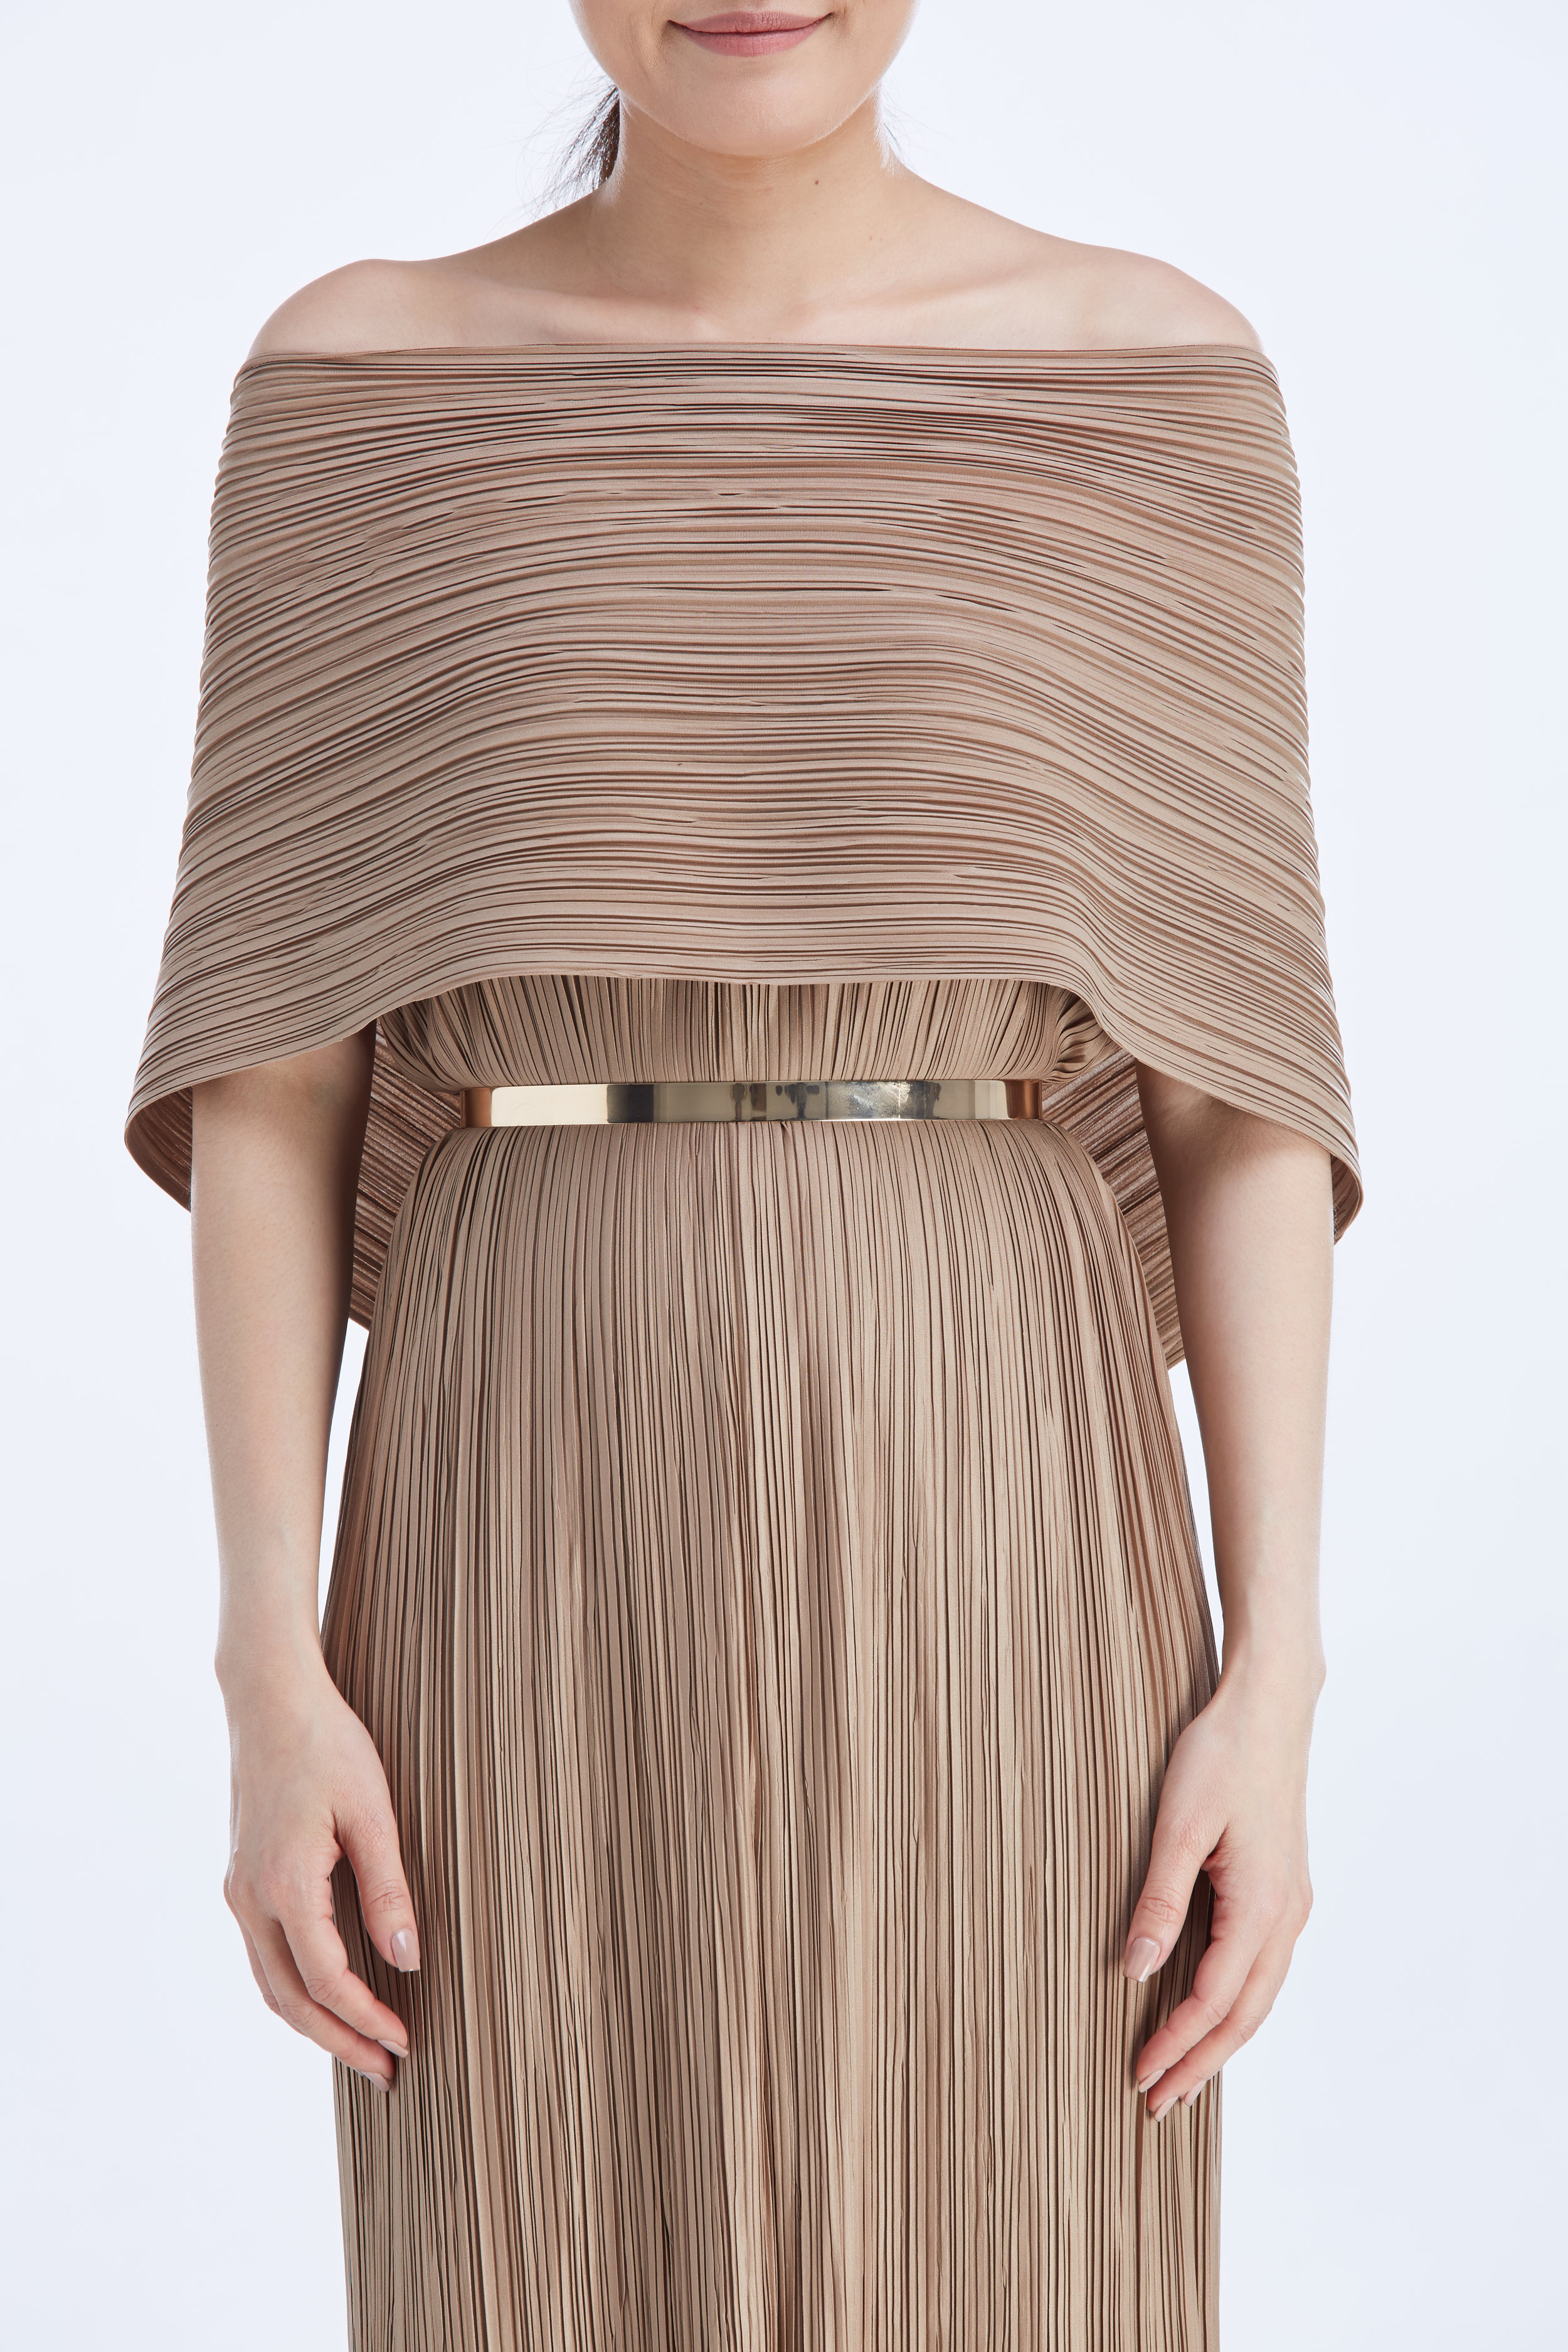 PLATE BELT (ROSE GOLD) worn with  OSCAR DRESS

---

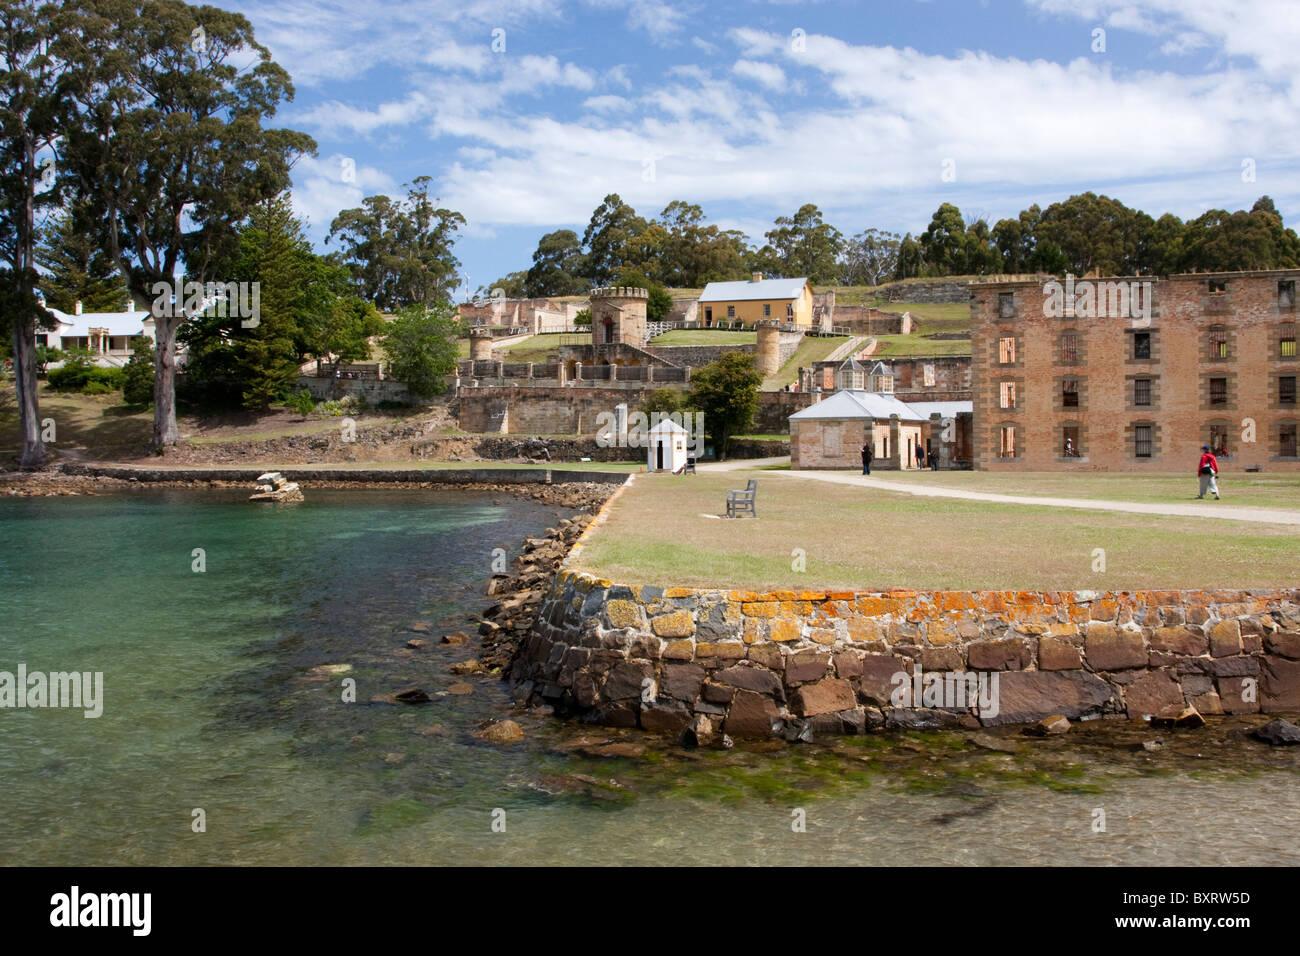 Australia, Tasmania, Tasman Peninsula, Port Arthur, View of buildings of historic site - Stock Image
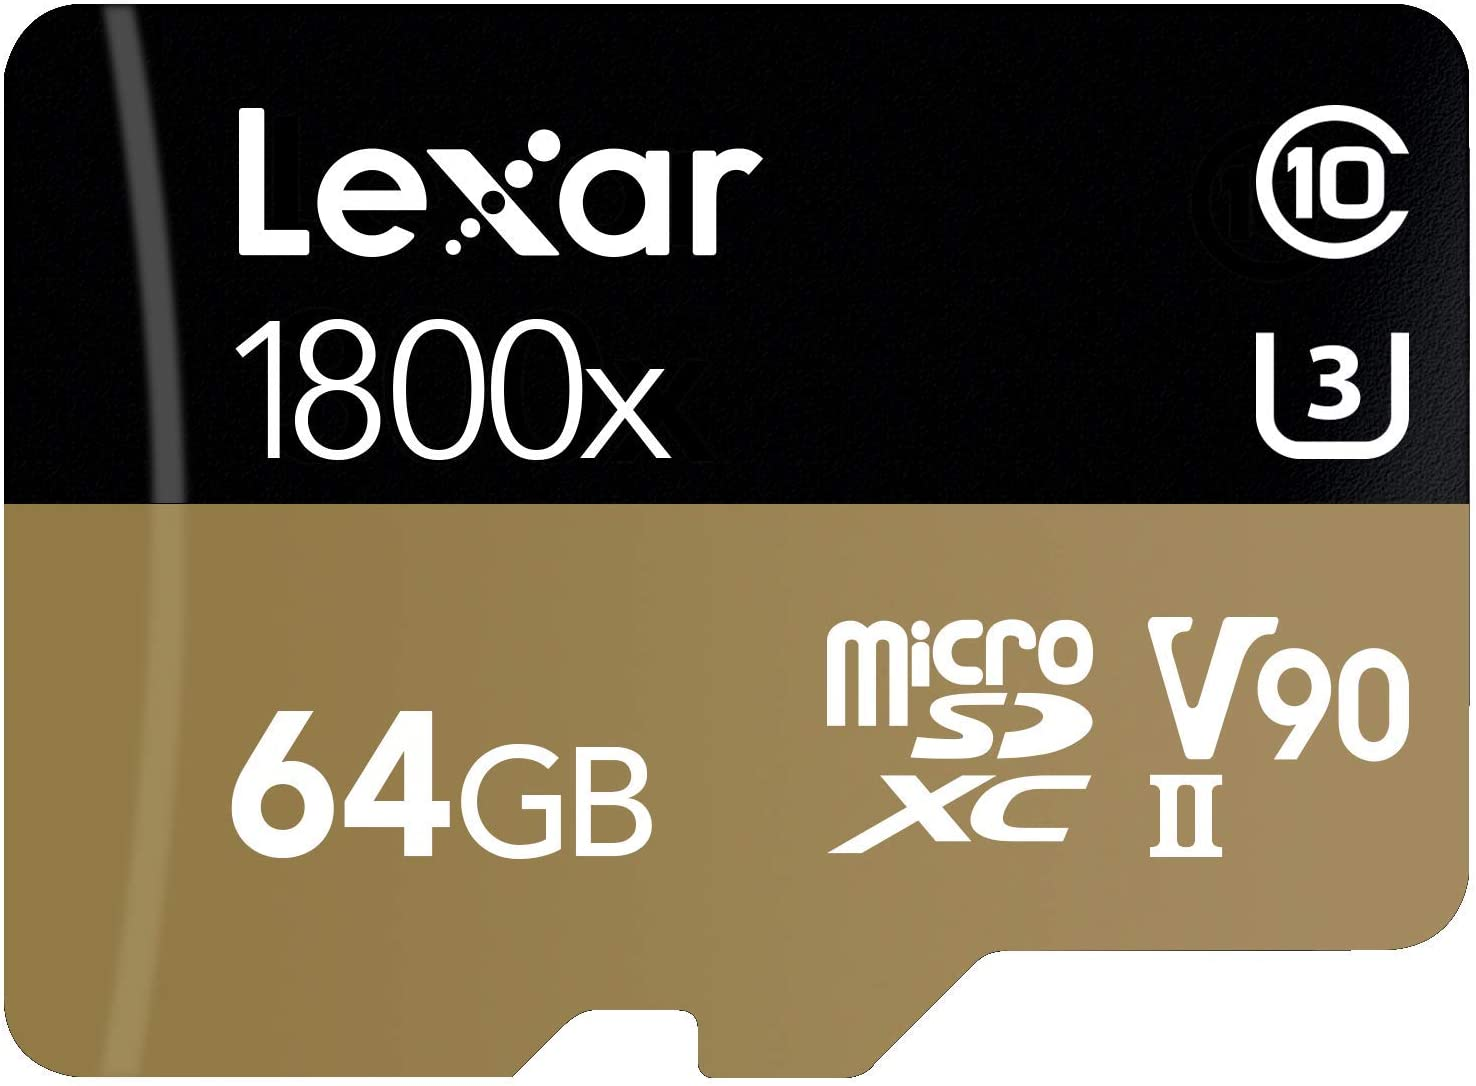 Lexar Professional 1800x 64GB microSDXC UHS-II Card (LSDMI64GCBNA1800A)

▶ [Task to complete] Your reply should hold nothing but the lines above, from the one containing "Australia, Tasmania, Tasman" to the one containing "Lexar Professional 1800x", reproduced exactly minus the pictures.

▶ [Response to the exercise]
 Australia, Tasmania, Tasman Peninsula, Port Arthur, View of buildings of historic site - Stock Image
 Lexar Professional 1800x 64GB microSDXC UHS-II Card (LSDMI64GCBNA1800A)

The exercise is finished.